- 651 Okunma
- 2 Yorum
- 0 Beğeni
KİRAZ DUDAKLI KIZ İLE HIZIR
Cebrail, Peygamberlere akıl taşıdı.
İsrafil can nefesimiz oldu; yeniden hayat verdi.
Kapanan gözlerimiz Azrail,
Ruhumuzu Berzah âlemine götürdü.
Mikail’dir rızıklar dağıtan!
Aşk ile geldi Melekler, hizmet için sıraya girdiler; Peygamberlere yarenlik etiler, cem cemal-i hasbıhal oldular.
Melekler içinde en maharetlisi Sündüs’dü. Keşmir ilinden renkli ipek kumaşlar getirdi. Bir solukta sırıdığı ipek döşekleri Peygamberlere serdi.
Gök ve yer, altı ve üstü, yedi günde tamamlandı bütün öğeler. Yeryüzünde bir ot bitmemişti daha, Rab henüz yağmur göndermemişti, yoktu toprağı işleyecek insan. Yerden yüksek, dağların burcunda biriken buharlar arz küreyi suluyordu.
Rab; Âdem’i topraktan yarattı ve ona kendi ruhunu üfledi. Ol dedi, o da oldu ve bütün melekler ona secde etti... Kibirli İblis eğilmedi, bu yüzden cennetten kovuldu.
Aden’de dört kollu ırmaklar doğdu, Pişon uzadı Havila’da, Gihon küş sınırında, Dicle Asur’un doğusunda, Fırat Mezopotamya’da kimi zaman dingin, kimi zaman delişmen, kimi zaman kızdılar ve kükrediler. Çoğu zaman bir büyük görev üstlendiler, toprağa can suyu oldular. Minerallerinden hücreler türedi ve insanlar ve hayvanlar ve nebatatlar arz küreyi yaşanılır kıldılar.

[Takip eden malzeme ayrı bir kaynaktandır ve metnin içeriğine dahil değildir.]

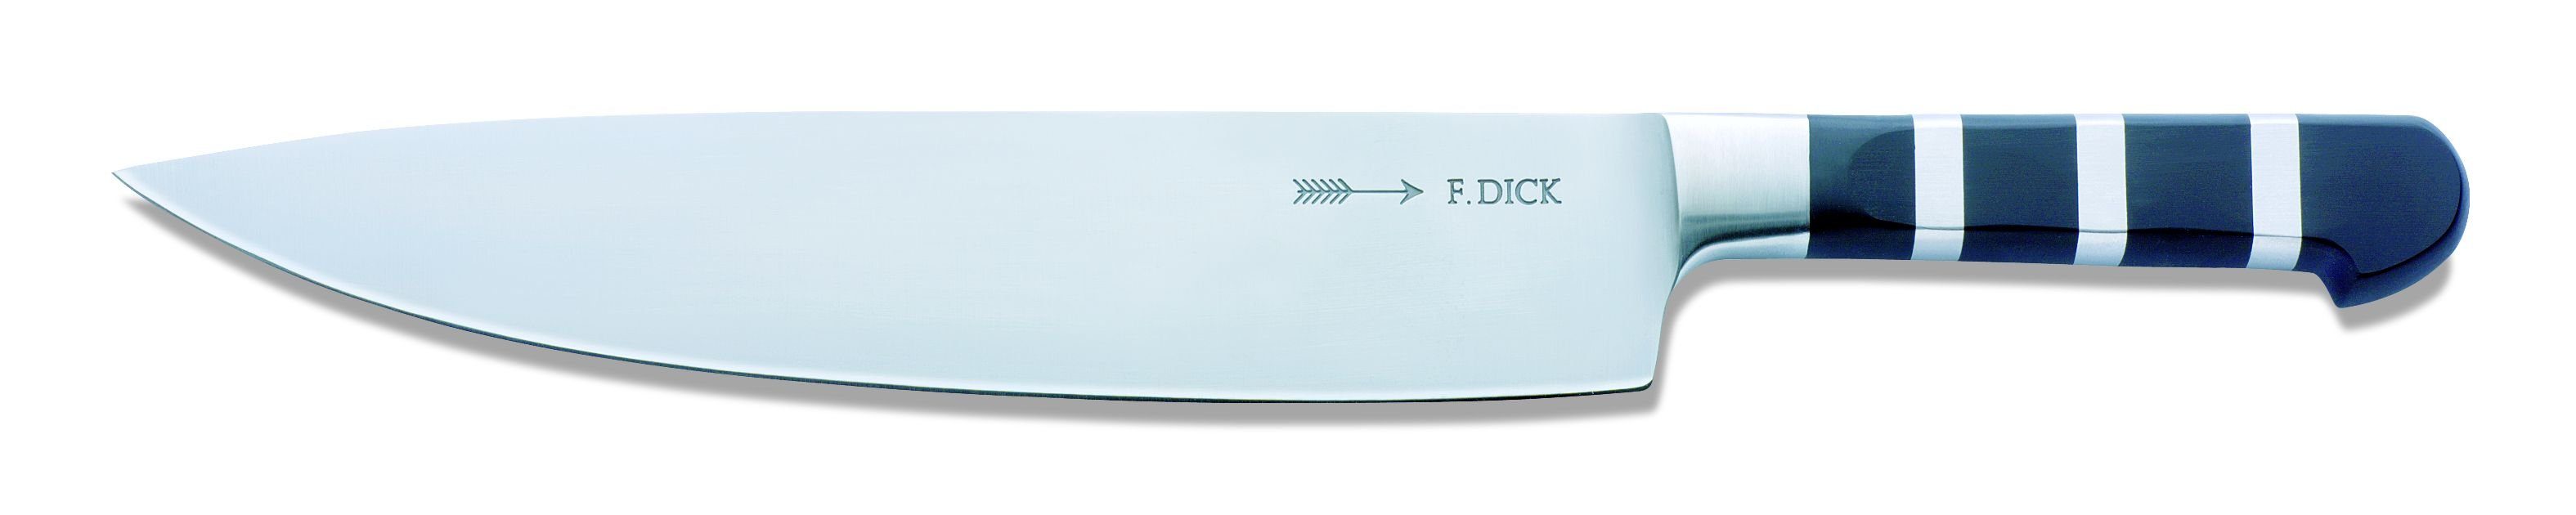 Stahl Klinge cm, F. Dick DICK Kochmesser 1905 Messer 26 Kochmesser Küchenmesser

Rab; cennet bahçelerine bakması ve sulaması için Âdem’i görevlendirdi.
“İstediğin meyveleri yiyebilirsin” diye buyurdu. İnsan soyunun devamı için, aynı nefisten, tek bir özden, Âdem’le Havva’yı yarattı; ondan bir çift var etti ve varlık sahnesine; kalp kalbe, el ele, emek emeğe, omuz omuza birlikte çıktılar; iyi günlerde birlikte sevindiler, kötü günlerde birlikte ağladılar.

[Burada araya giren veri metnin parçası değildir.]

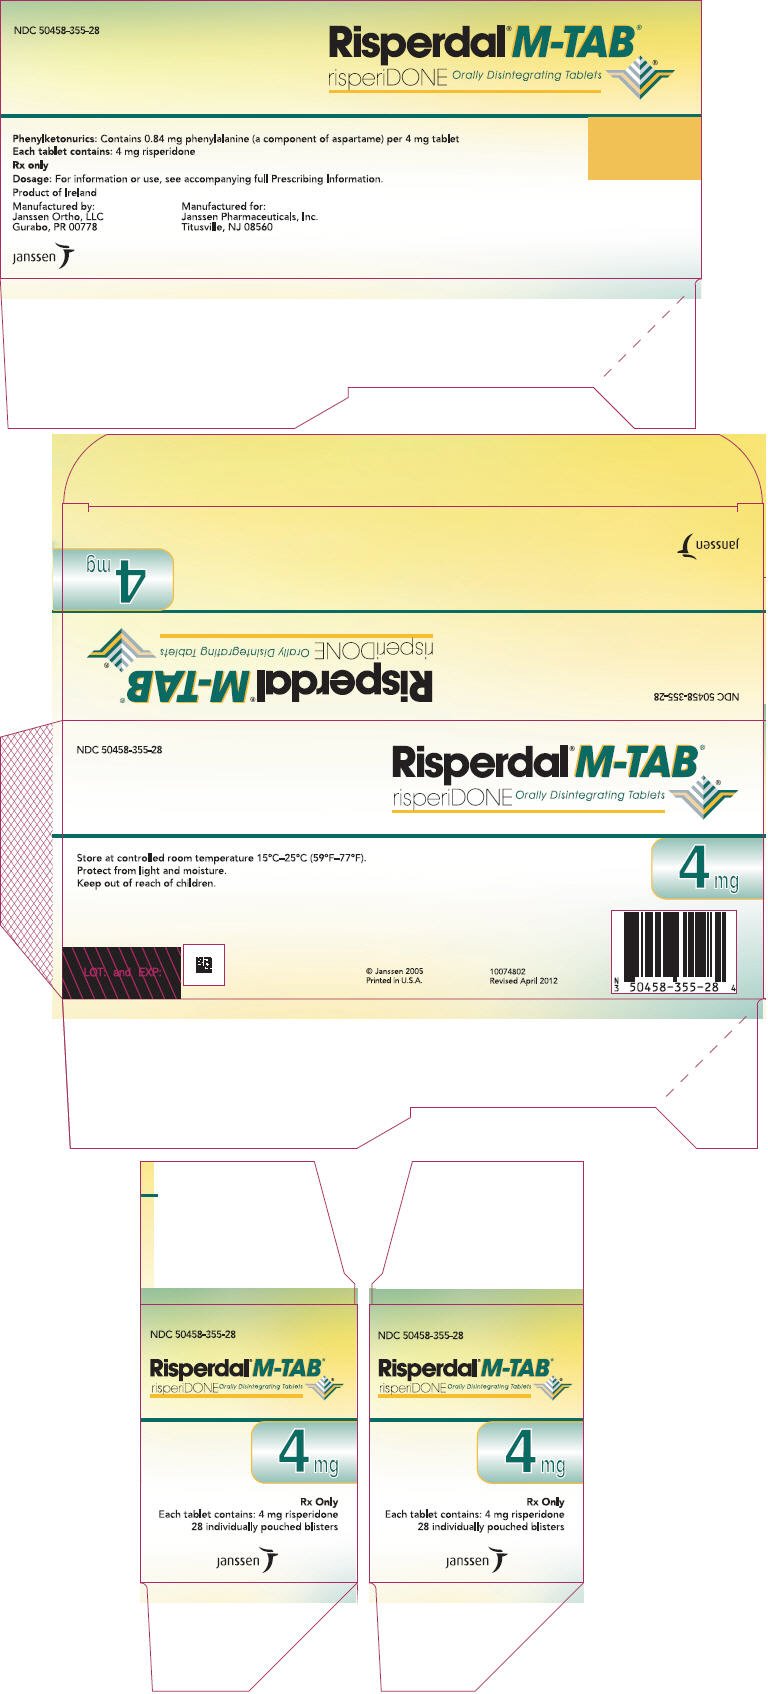 PRINCIPAL DISPLAY PANEL - 4 mg Tablet Carton

Yeryüzünün ilk kadını ve ilk erkeği Havva ile Âdem’in günleri cennet bahçelerinde geçiyordu ve onlar çok mutluydular; cinsel nefisleri gelişmemiş ve bu konuyu henüz keşfetmemişlerdi.
Rabbine itaat etmeyen ve bu nedenle cennetten kovulan Şeytan; başından itibaren, onları takipteydi. Aralarına girdi, şirin, tatlı sözler söyledi ve sonunda ulaştı sinsi emeline.

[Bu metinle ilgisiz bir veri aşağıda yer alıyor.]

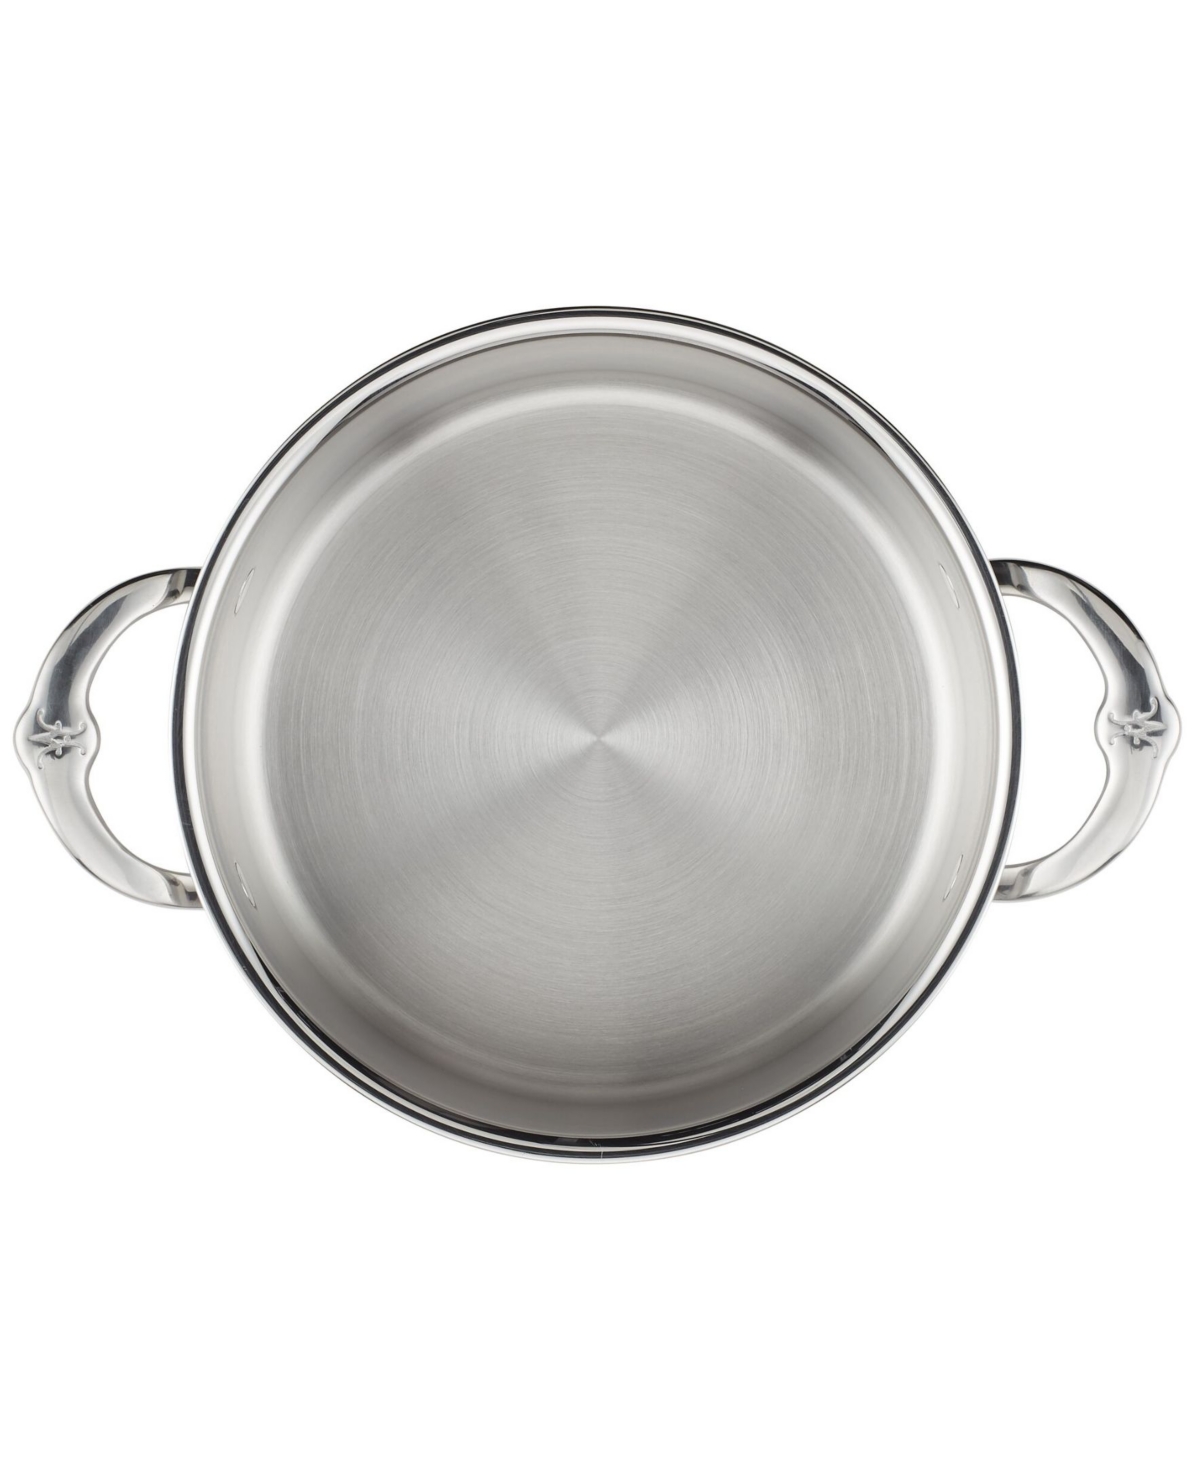 Shop Hestan Probond Clad Stainless Steel 3-quart Covered Soup Pot

Âdem ile Havva kandılar İblis’in vesveselerine. Yasak meyvelerden yediler. Her ne kadar örtünseler de kutsal incir ağacın varak yapraklarıyla, ayıp yerlerini gördüler. Bu nedenle, kurtulamadılar cennetten kovulmaktan.
Âdem, Aden cennetinden Serendip adasına indi. Havva kendini Etiyopya’da buldu.
Bir büyük suç işlemişlerdi. Çok sürmedi anladılar suçlarını. Rabbini dinlememişlerdi, buyruğuna karşı gelmişlerdi. Rabbin amacı, yasaklamak değildi elmayı. Yeryüzünün tüm bahçeleri, gelecekte çoğalacak olan insanlar için hazırlanmıştı. Lakin yasaklar bir düzen, bir kuraldı. Parsellenecek olan toprak dağıtılacaktı herkese eşit eşit, parsel parsel.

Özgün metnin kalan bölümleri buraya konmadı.